On the Kramnik vs Nakamura Dispute


In the recent time there has been a lot of discussion about the dispute between two of the most famous chess players in the world. The dispute between Vladimir Kramnik and Hikaru Nakamura has been the subject of much debate in the chess community. In this article, we will take a statistical dive into the dispute. My approach will be rather educational so I’ll try to use other examples to explain the concepts.
What’s going on?
Some time ago a former World Chess Champion Vladimir Kramnik implied that Hikaru Nakamura’s exceptional online performance, particularly a streak of 45 wins and one draw in Chess.com’s Titled Tuesday blitz tournament, was statistically improbable and suggested potential cheating.

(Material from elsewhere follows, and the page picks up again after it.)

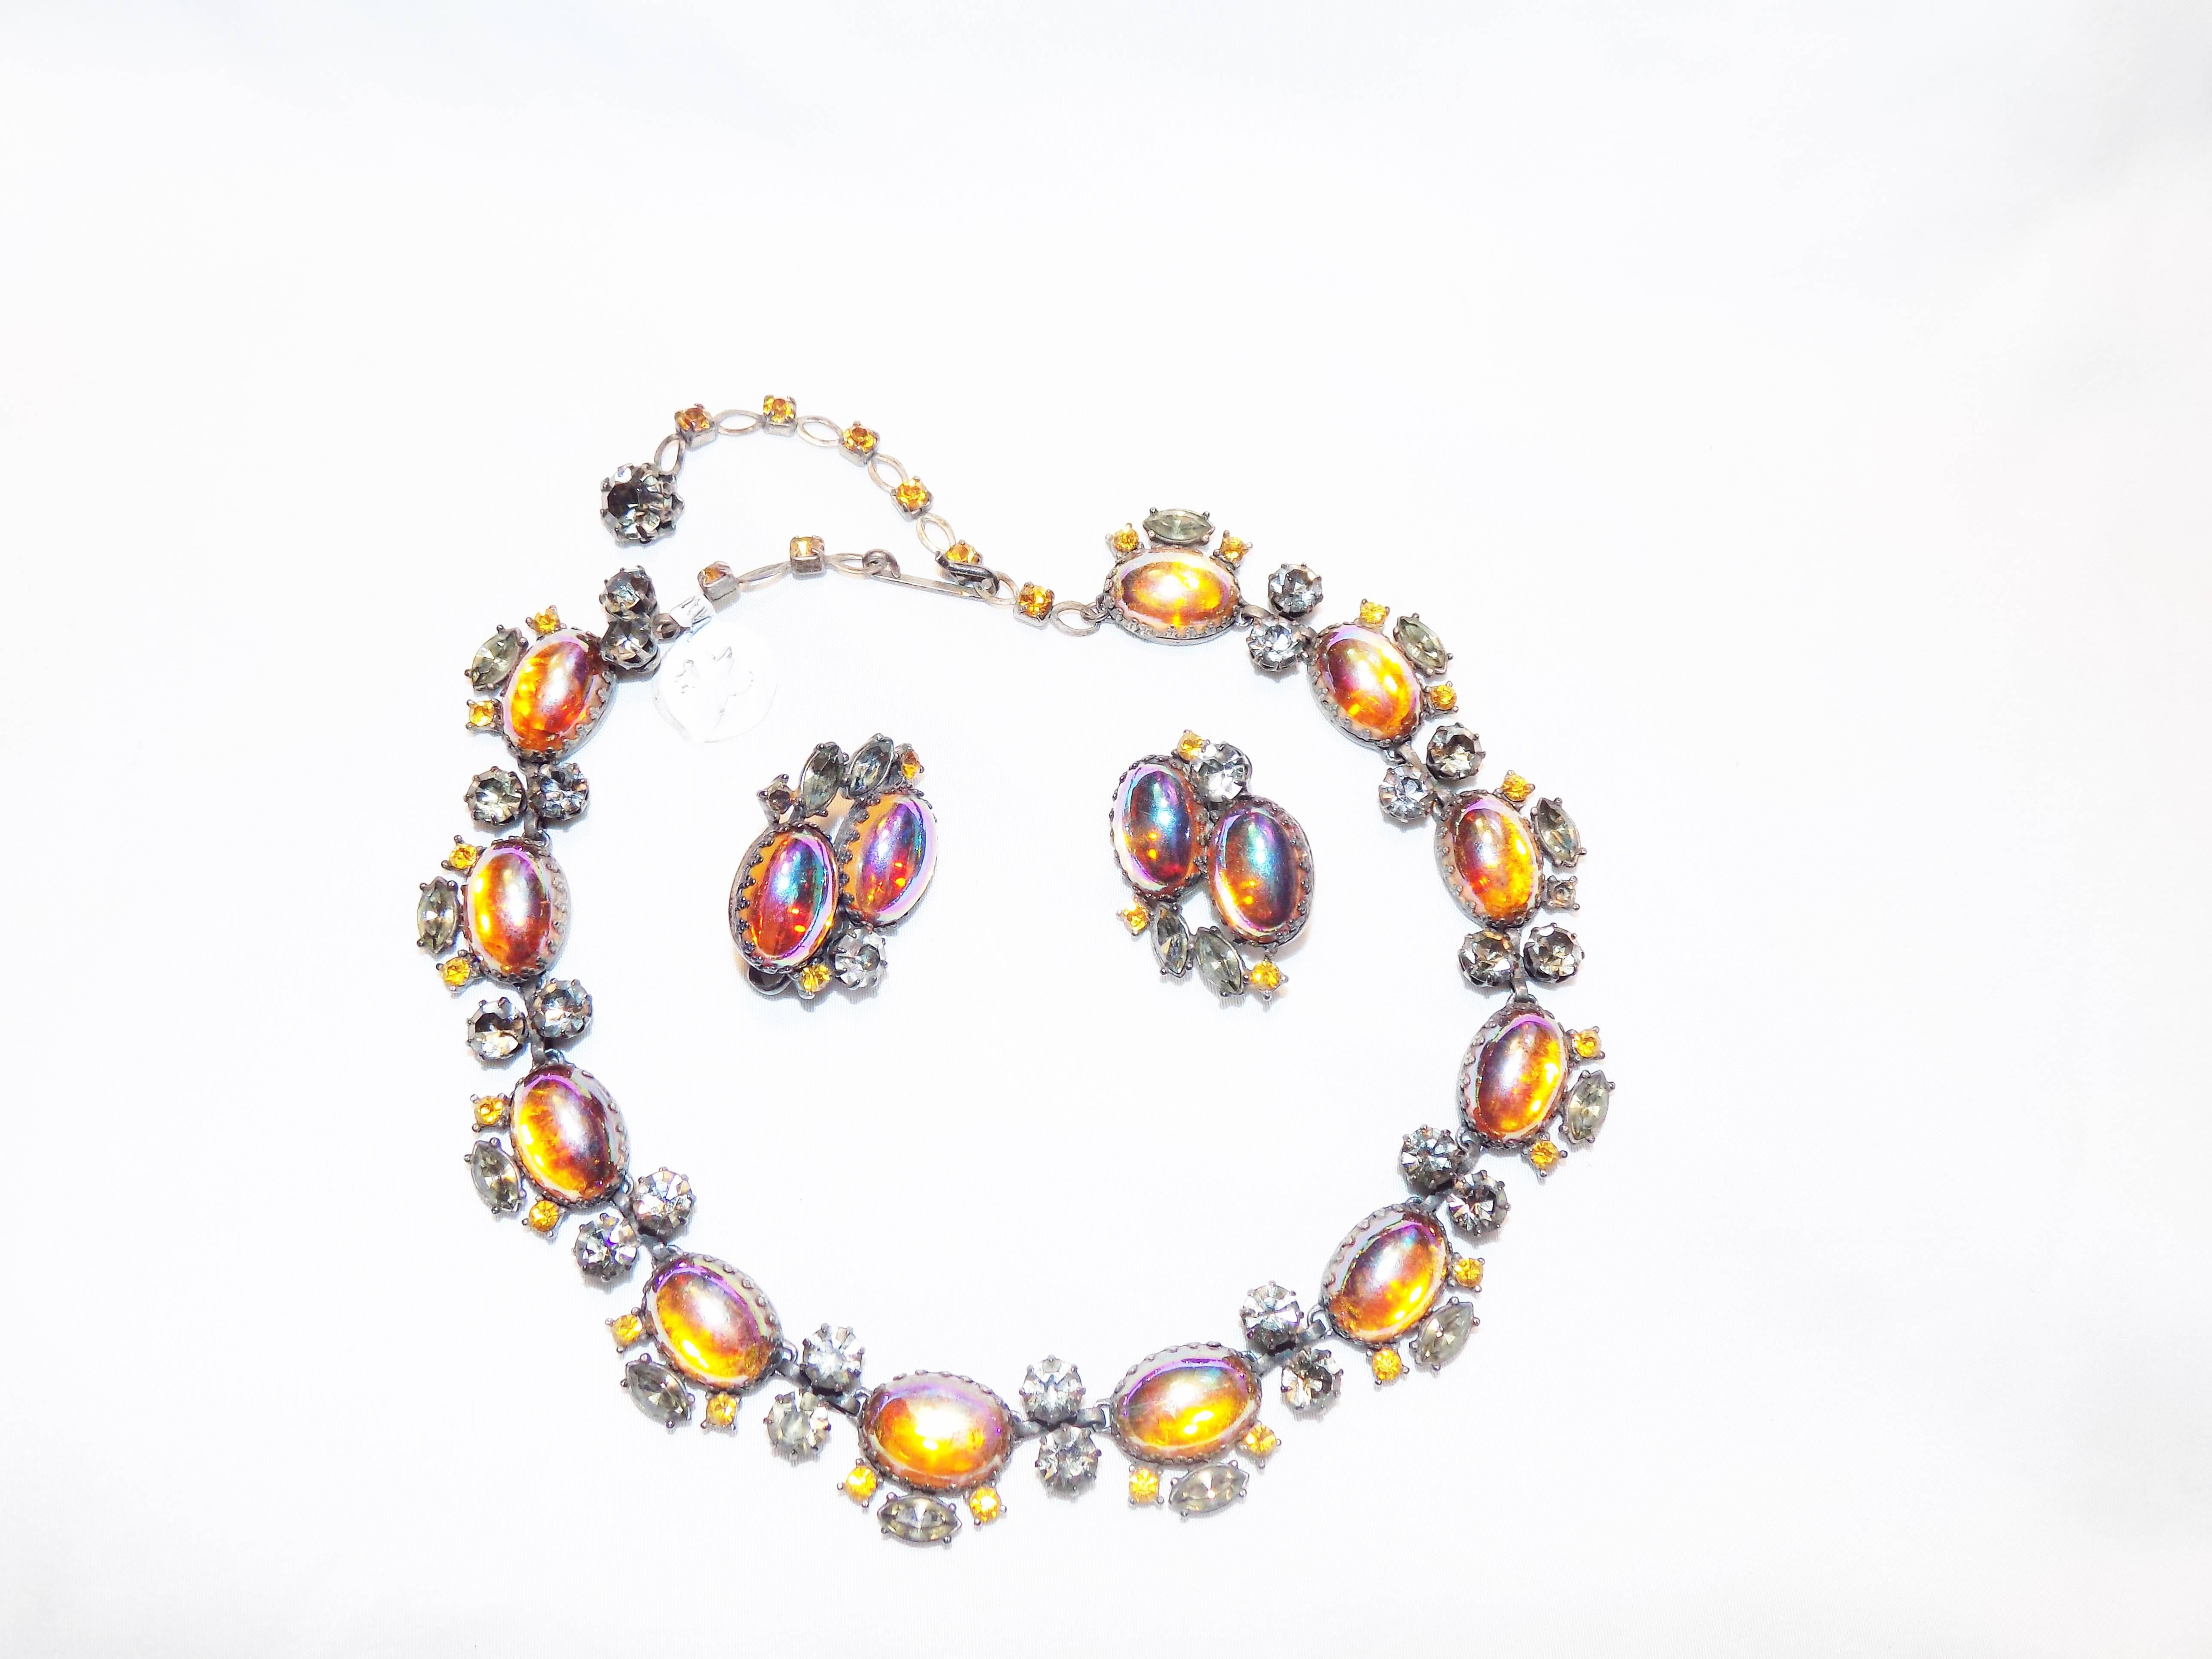 Famous for his cabochon jewelry  Vandome created this amazing choker necklace and earrings set. Circa late 50's . Pristine condition. Necklace is adjustable 16 inch length. Earrings are clip style. Very beautiful piece. 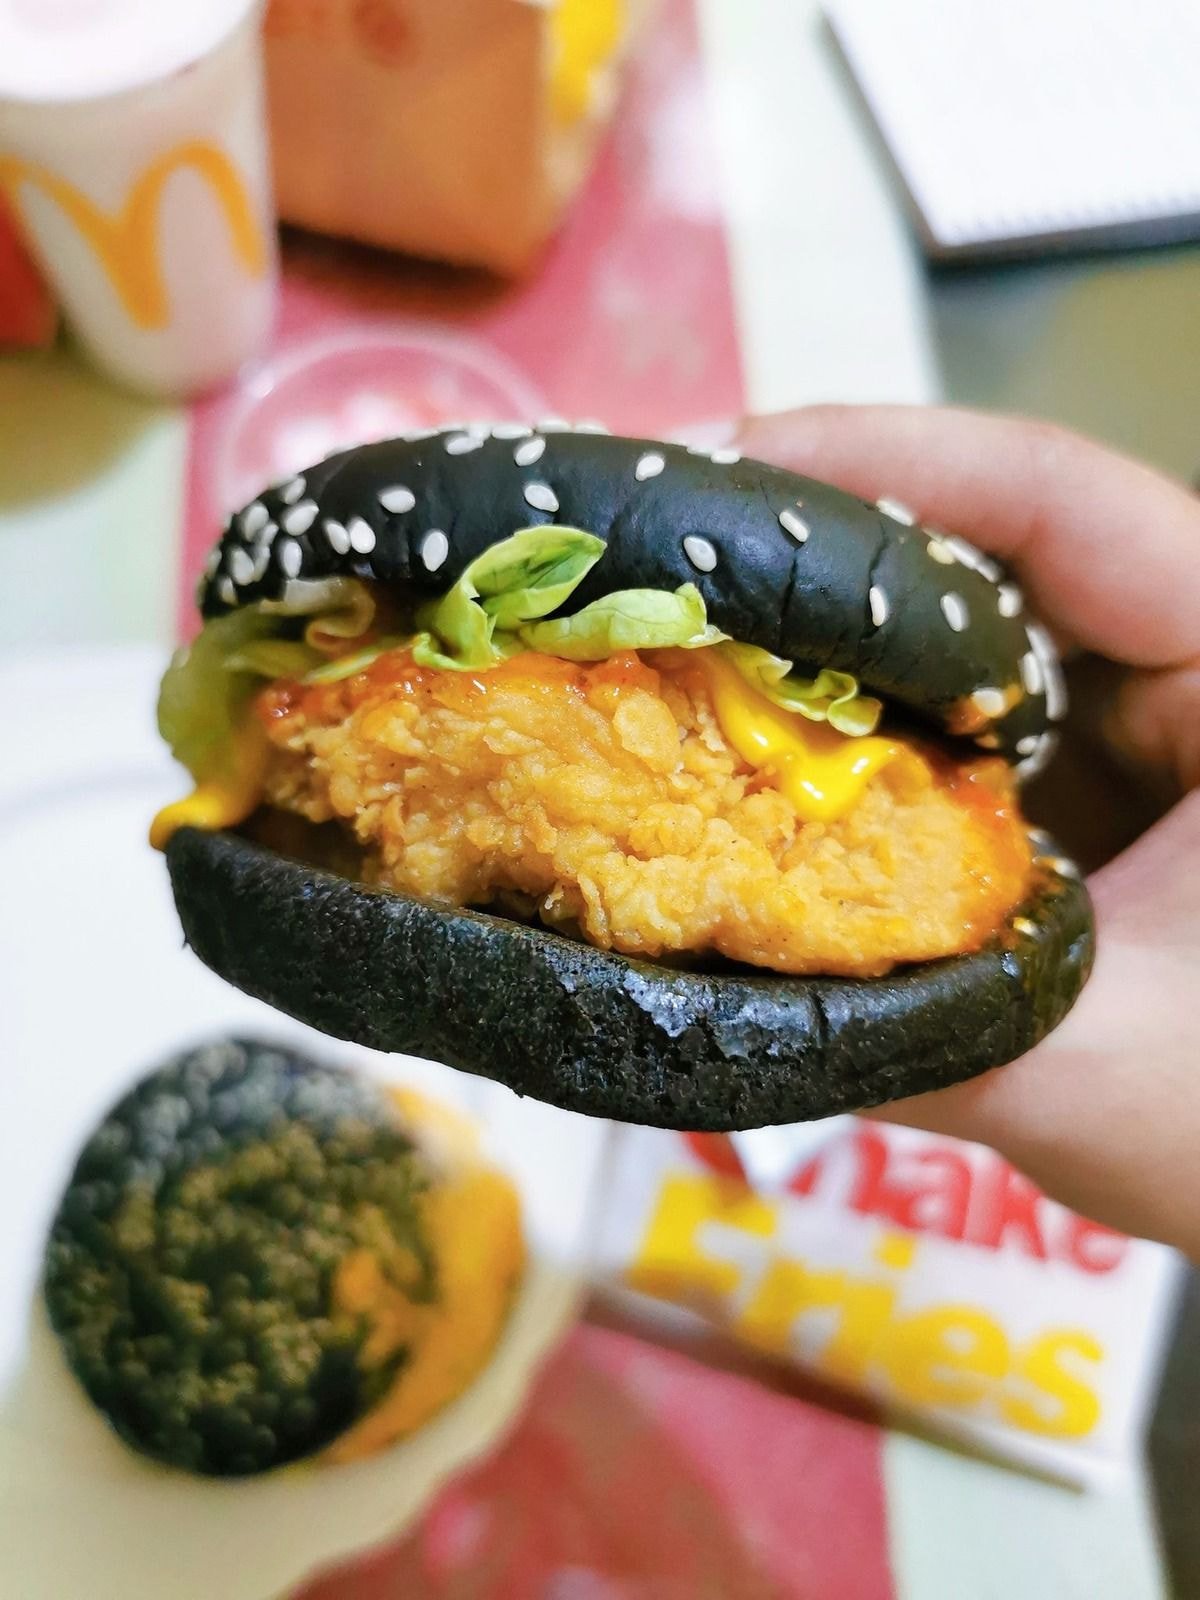 K-burgers sold in the Philippines.

Kramnik’s insinuations were made through a cryptic post on his Chess.com profile, which many interpreted as targeting Nakamura.
In response, Nakamura dismissed the allegations as “garbage” and expressed disappointment over the unfounded accusations. Chess.com conducted an investigation into Nakamura’s games and found no evidence of cheating, stating that Kramnik’s accusations lacked statistical merit.
45 Wins and 1 Draw: How Unlikely Is It?
It is VERY unlikely. To put it into perspective, let’s consider a simpler example: flipping a coin. The probability of getting heads or tails is 0.5. If you flip a coin 46 times, the probability of getting 45 heads and 1 tail (there are no no draws in flipping a coin unfortunately) is:
$$ \underset{\text{All possible positions of single tail}}{46} * \underset{\text{45 heads}}{\frac{1}{2} ^{45}} * \underset{\text{1 tail}}{\frac{1}{2}} \approxeq 0.0000000000006537. $$Lets break down the calculation:
- The probability of getting 45 heads is $(\frac{1}{2})^{45}$ since one such event is with probabilty $\frac{1}{2}$ and they are independent.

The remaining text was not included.